Risk prediction models using multicenter data

1. Residual intraclass correlation coefficient

In multicenter studies there will usually be systematic variations in measurements between centers (clustering). This can be caused by several reasons, such as measurement biases, differences in equipment, different clinical practices, or different definitions of variables. We propose to use the residual intraclass correlation (RICC) as a tool to assess the level of ‘clustering’ in variables and to define outlying centers or physicians (1).

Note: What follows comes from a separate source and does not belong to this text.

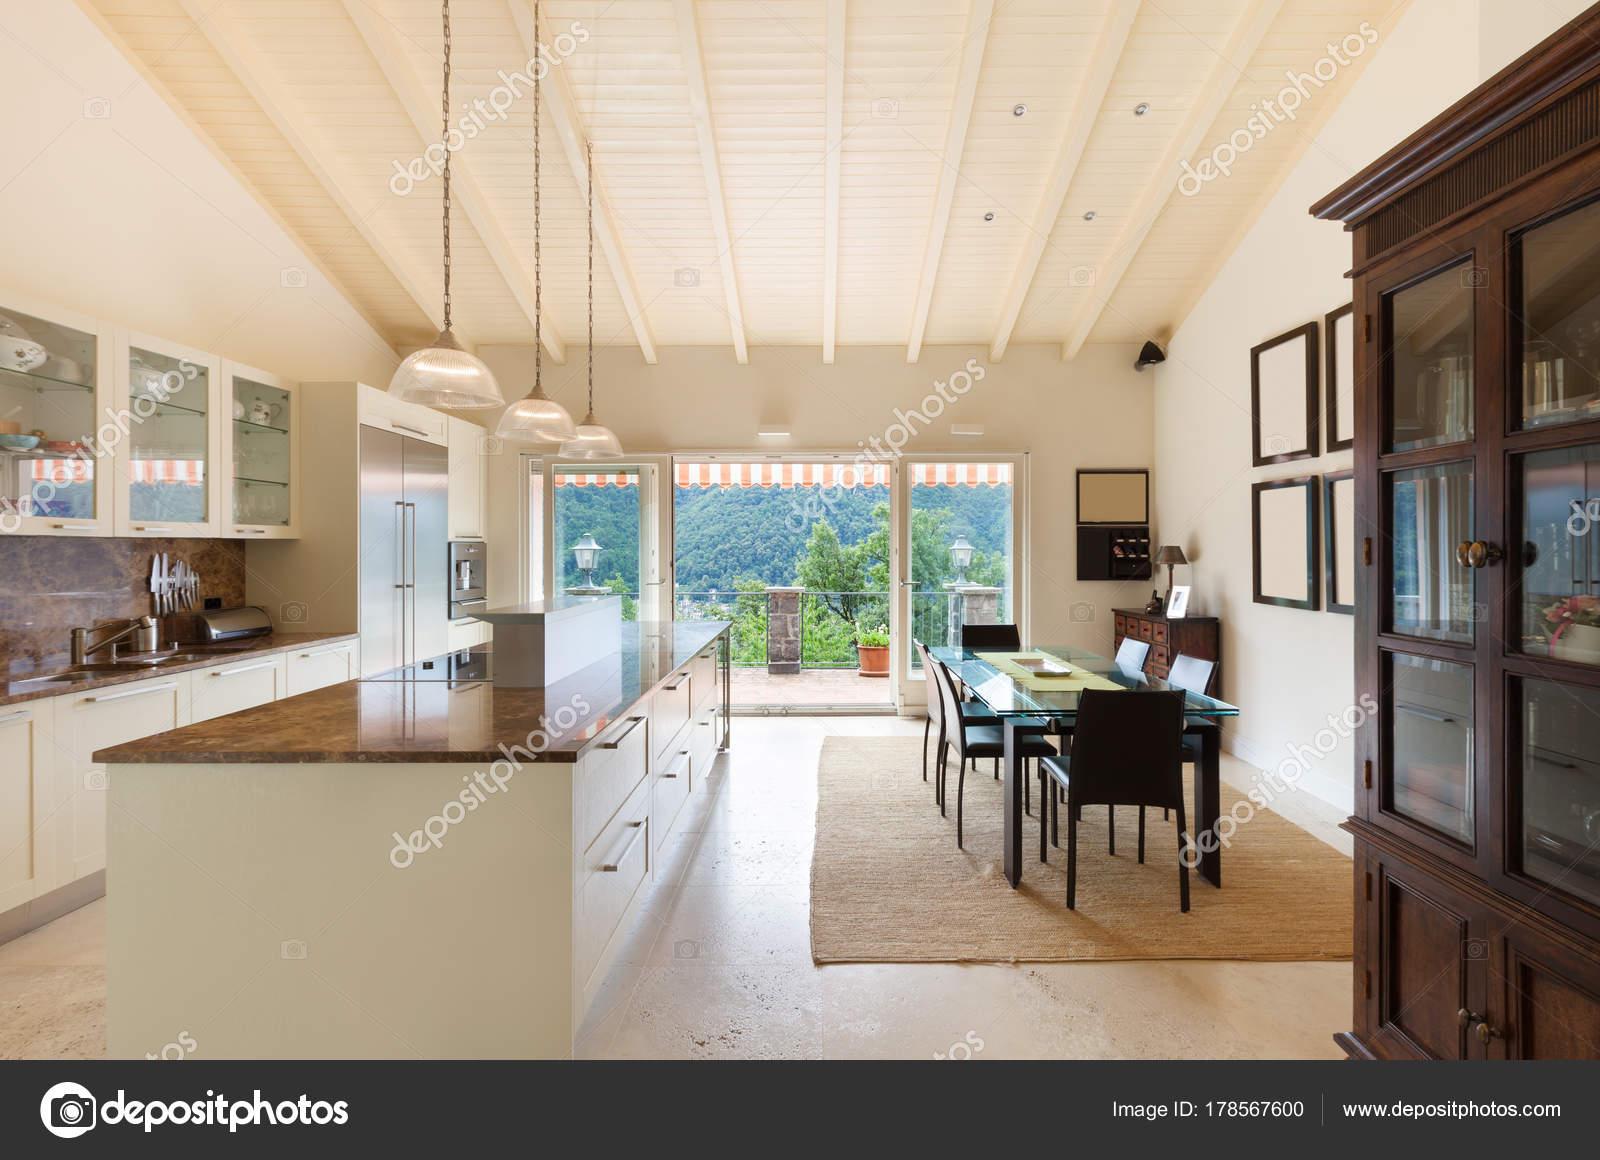 Haus, große Küche — Stockfoto © Zveiger #178567600

2. EPV for risk models based on multicenter data

In order to develop robust prediction models, the sample size should be sufficiently large in relation to the considered predictors and higher order effects such as transformations or interaction terms. Practical guidelines have been suggested to this end, but the potential effect of clustering in multicenter studies has never been investigated. We have carried out a simulation study to do so (2), and have observed that the amount of clustering does not play a crucial role in determining whether the sample size is sufficient.

References

Wynants L, Timmerman D, Bourne T, Van Huffel S, Van Calster B. Screening for data clustering in multicenter studies: the residual intraclass correlation. BMC Med Res Methodol. 2013;13:128.

Wynants L, Bouwmeester W, Moons KG, Moerbeek M, Timmerman D, Van Huffel S, et al. A simulation study of sample size demonstrated the importance of the number of events per variable to develop prediction models in clustered data. J Clin Epidemiol. 2015.